*Task item:*
From the entries below, output the line with "Billabong Invisible Socks" and each following line up to and including the line with "Racing Legends: Iconic", exactly as written.

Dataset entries
>>>>>

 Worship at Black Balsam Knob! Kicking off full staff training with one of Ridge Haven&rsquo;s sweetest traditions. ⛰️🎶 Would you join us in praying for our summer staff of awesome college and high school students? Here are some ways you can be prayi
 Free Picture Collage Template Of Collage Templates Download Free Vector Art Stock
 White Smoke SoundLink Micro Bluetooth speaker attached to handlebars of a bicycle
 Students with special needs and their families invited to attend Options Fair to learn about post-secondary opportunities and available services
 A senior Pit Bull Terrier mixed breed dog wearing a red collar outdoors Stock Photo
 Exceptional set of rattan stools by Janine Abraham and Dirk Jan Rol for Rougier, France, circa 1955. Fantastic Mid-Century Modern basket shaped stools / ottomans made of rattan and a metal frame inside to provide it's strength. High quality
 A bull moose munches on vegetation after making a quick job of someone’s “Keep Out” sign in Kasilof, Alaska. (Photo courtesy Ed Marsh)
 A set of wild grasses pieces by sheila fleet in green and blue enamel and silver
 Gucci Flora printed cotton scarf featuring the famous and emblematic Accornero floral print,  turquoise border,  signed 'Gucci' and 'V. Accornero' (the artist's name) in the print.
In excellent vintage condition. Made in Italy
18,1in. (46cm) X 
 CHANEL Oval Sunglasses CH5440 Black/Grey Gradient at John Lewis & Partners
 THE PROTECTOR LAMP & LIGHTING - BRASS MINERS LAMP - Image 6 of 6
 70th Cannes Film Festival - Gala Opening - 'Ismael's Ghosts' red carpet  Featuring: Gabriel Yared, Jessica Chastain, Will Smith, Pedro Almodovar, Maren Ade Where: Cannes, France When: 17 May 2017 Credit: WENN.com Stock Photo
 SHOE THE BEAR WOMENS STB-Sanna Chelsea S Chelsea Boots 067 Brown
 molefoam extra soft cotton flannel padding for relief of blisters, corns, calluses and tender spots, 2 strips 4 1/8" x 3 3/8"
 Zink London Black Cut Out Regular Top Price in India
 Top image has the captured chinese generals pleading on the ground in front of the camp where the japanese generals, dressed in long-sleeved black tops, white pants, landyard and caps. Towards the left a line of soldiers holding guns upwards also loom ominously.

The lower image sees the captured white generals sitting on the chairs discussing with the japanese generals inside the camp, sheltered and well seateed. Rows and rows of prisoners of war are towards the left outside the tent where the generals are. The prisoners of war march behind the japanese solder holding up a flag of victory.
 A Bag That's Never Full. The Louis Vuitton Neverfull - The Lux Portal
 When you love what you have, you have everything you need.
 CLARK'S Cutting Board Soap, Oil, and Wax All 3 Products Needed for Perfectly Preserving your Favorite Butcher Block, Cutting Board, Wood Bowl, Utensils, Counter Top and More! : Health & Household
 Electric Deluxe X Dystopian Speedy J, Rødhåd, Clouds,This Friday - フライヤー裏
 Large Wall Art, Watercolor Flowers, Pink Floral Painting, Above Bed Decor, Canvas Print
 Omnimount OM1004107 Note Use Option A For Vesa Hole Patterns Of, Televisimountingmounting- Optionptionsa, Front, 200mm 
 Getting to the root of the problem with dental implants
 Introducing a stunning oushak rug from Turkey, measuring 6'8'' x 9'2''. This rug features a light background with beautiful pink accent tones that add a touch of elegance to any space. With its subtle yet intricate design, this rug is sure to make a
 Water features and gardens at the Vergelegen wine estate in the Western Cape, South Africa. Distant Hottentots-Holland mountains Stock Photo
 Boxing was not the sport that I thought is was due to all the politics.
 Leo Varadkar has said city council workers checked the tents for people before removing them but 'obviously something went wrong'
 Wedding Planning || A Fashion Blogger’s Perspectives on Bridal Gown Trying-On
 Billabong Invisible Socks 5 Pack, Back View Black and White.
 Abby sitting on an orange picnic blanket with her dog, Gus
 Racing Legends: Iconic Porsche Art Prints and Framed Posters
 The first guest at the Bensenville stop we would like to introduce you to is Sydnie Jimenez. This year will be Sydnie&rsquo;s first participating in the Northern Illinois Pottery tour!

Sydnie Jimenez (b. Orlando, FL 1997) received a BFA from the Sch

<<<<<

*Task output:*
 Billabong Invisible Socks 5 Pack, Back View Black and White.
 Abby sitting on an orange picnic blanket with her dog, Gus
 Racing Legends: Iconic Porsche Art Prints and Framed Posters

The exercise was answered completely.